Traceloop was founded at the end of 2022 by Nir Gazit (CEO) and Gal Kleinman (CTO). The two met while serving in Unit 81 of the IDF’s Intelligence Corps. Afterward, Gazit joined Google, where he led a team developing AI tools using internal LLM models. He then served as Chief Software Architect at Fiverr. Kleinman led the development of Fiverr’s machine learning platform.
Over the coming year, the company plans to expand its technology, including support for AI agents that can truly converse with customers, not just generate text. “That’s also a space we want to enter. It’s a world moving so fast, and we’ve been in a constant sprint for two years now,” explains Gazit.
I wonder how much of this is a market where companies are already deploying AI agents with customers, and how much is companies just experimenting with the tech. “First of all, there’s a lot you don’t see. If you go to companies like Monday, HiBob, or Fiverr, you’ll see heavy use of LLMs, both in customer-facing areas and internally. Now it’s reaching consumer-facing systems, not just tech users. We signed a contract with a U.S. pension fund that uses agents to analyze hundreds of thousands of customers’ medical documents to understand them. This is already working in the field.”
As someone with your finger on the pulse—what concerns you most about AI? “There’s a lot of noise, and it’s hard to tell what’s real. It’s incredibly easy to use AI, and I don’t think people realize that. When I worked at Google and built models, it was like an art form, something for the elite. Today, you barely need anything, and it opens the door for everyone. That’s why there’s so much noise. AI is complex, unpredictable, and people don’t understand what they have in their hands.”
Do you think the big AI companies are doing a good and responsible job developing AI models? “I think so. And I think all the talk about AI safety mostly serves them. These days, it’s not always clear which model is better, so each company wants to make noise and say, ‘We’re closest to AGI, our models are going to go wild and take over the world.’ But it’s nonsense, just publicity.”
Is it possible we’ve already hit the AI ceiling, and it won’t get any smarter than it is today? “GPT-3 succeeded with two tricks: First, it was big, and people saw that when you add parameters to a model, it gets better. Then the technology improved so it was actually possible to build models with more parameters. But today, that’s starting to stall. We’ve hit a ceiling in terms of the amount of data we have, and we can’t really build better models anymore.”

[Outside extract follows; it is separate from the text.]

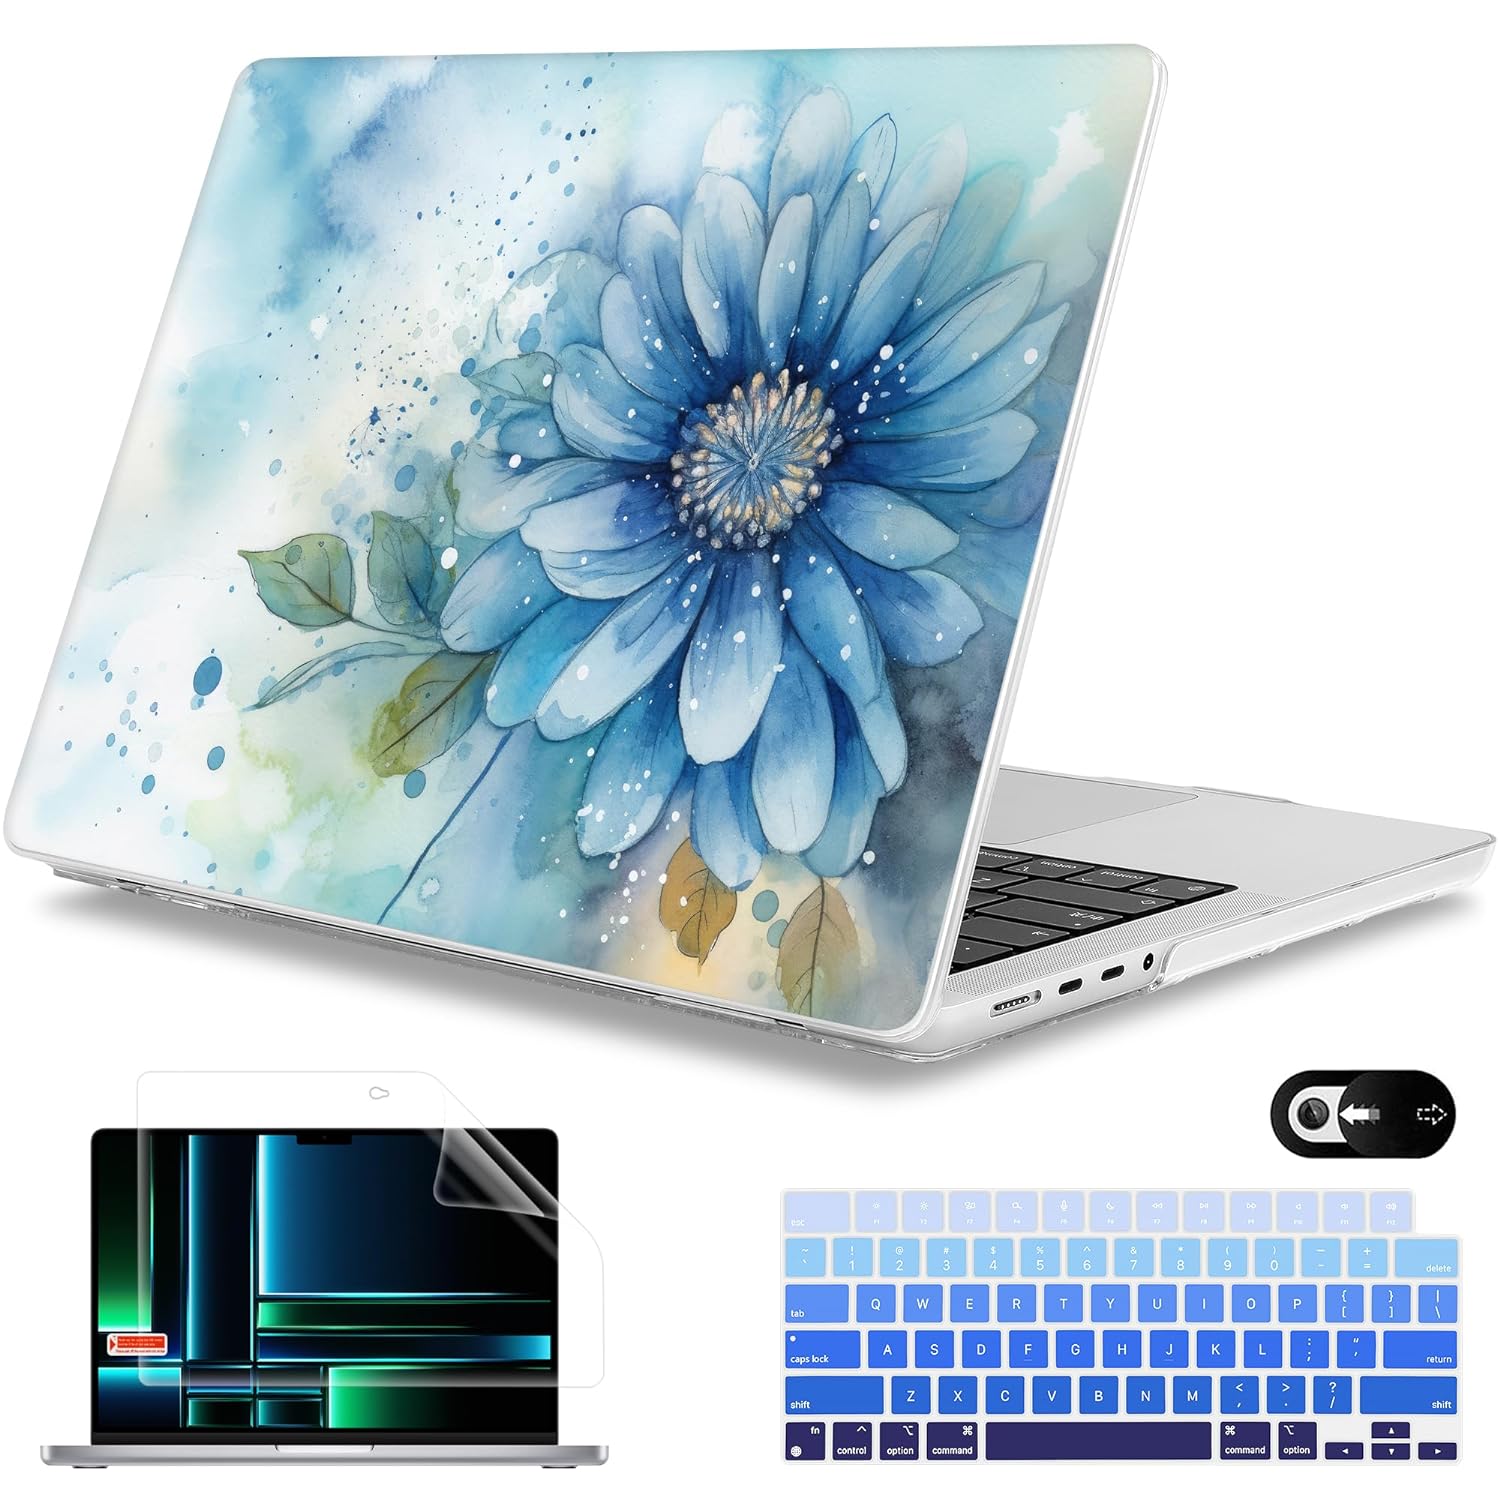 Mektron Case for M3 MacBook Pro 16" M1 A2485/M2 A2780 (2021/2023) with Touch ID, Hard Shell Plastic Laptop Cover Keyboard Skin Compatible MacBook Pro 16.2" M1 Pro/Max Chips, Watercolor Blue Flower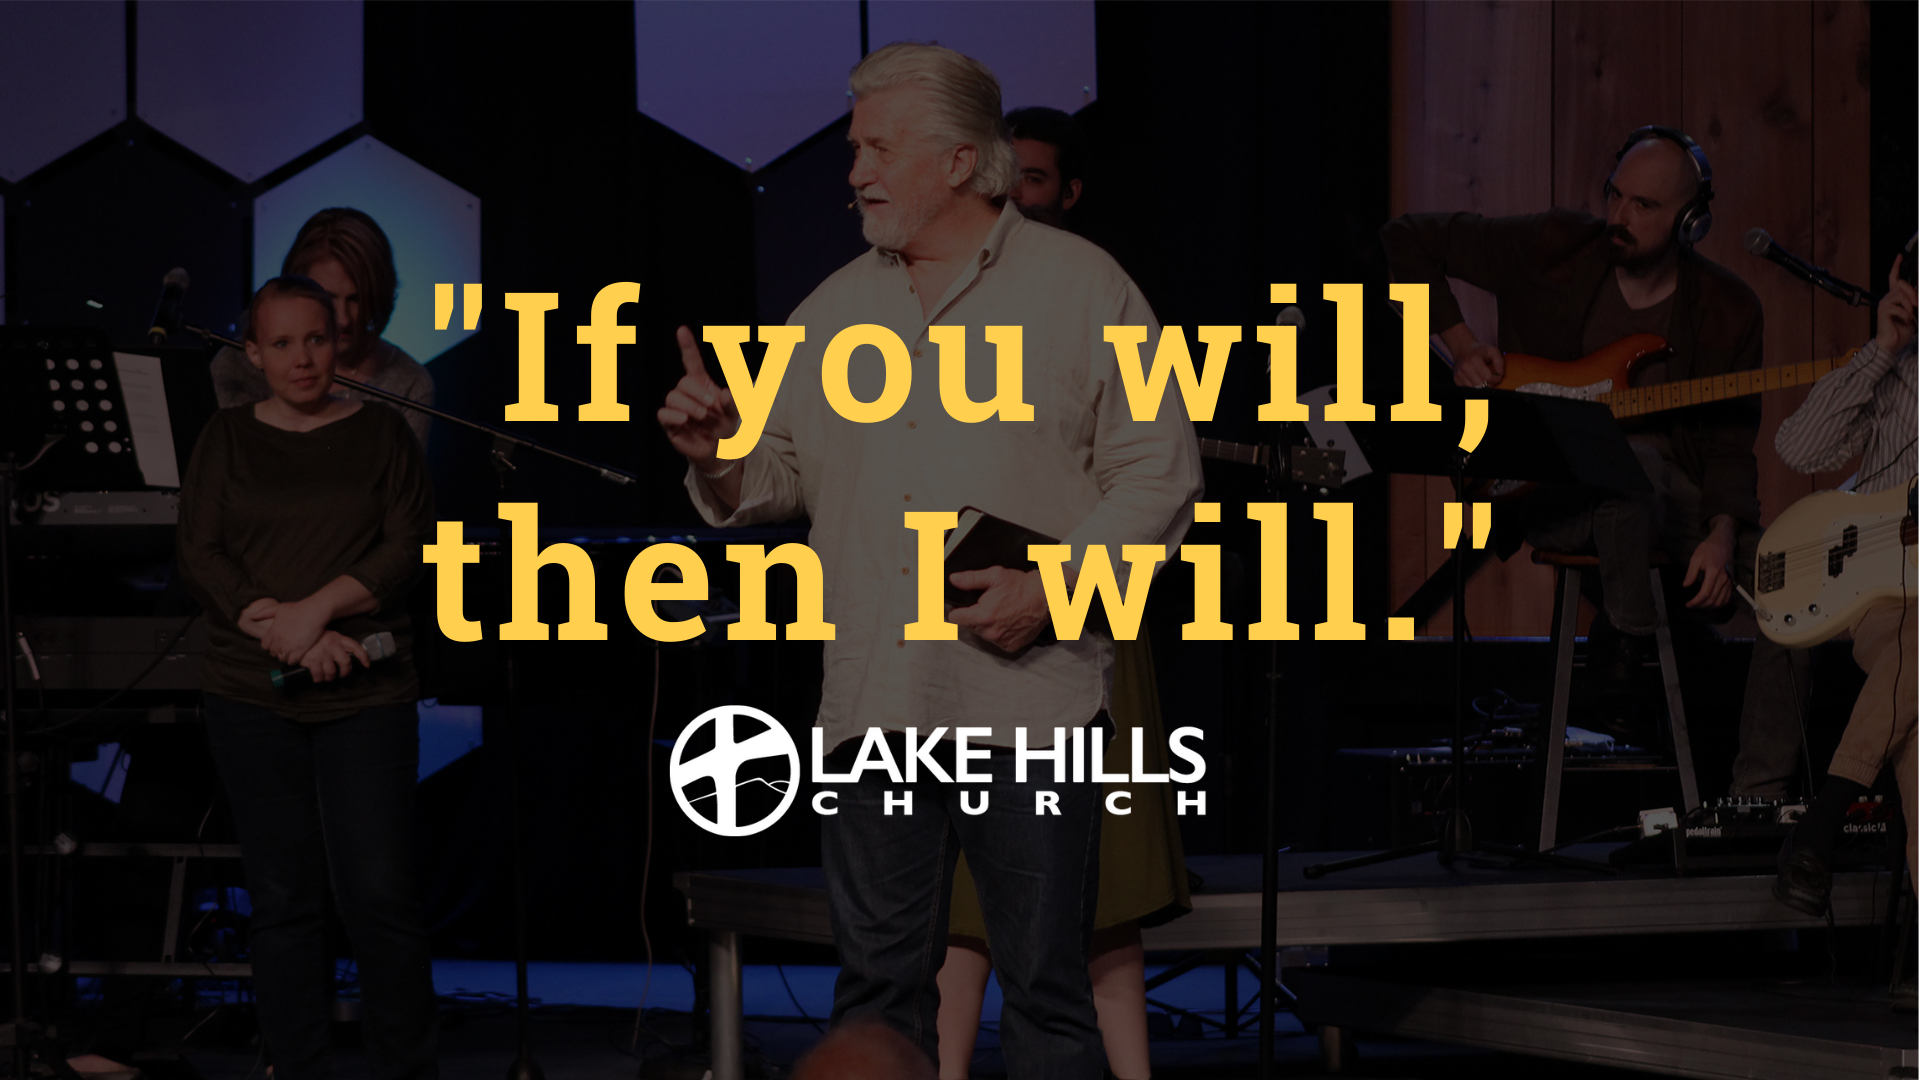 “If you will, then I will.” – God

Maybe it’s just a matter of time, and eventually we’ll see AGI that’s way smarter than us. "I think it will happen with the next leap. I don’t know when that will be—it could be tomorrow, or in 30 years. But right now, it’s not happening."
According to Aharon Rinberg, a partner at Ibex - which led the funding round: “I’m reminded of a quote by the late U.S. President Ronald Reagan: "Trust but verify. It's no secret that LLMs represent a step-function improvement in how humans interact with data. But their confidence — and potential for inaccuracy — makes AI agents that much more dangerous. IBM, Cisco, Dynatrace, and others already rely on Traceloop's core technology for agent observability and verification, ensuring that AI agents function as intended. I expect the adoption of verification tools to outpace that of LLMs themselves."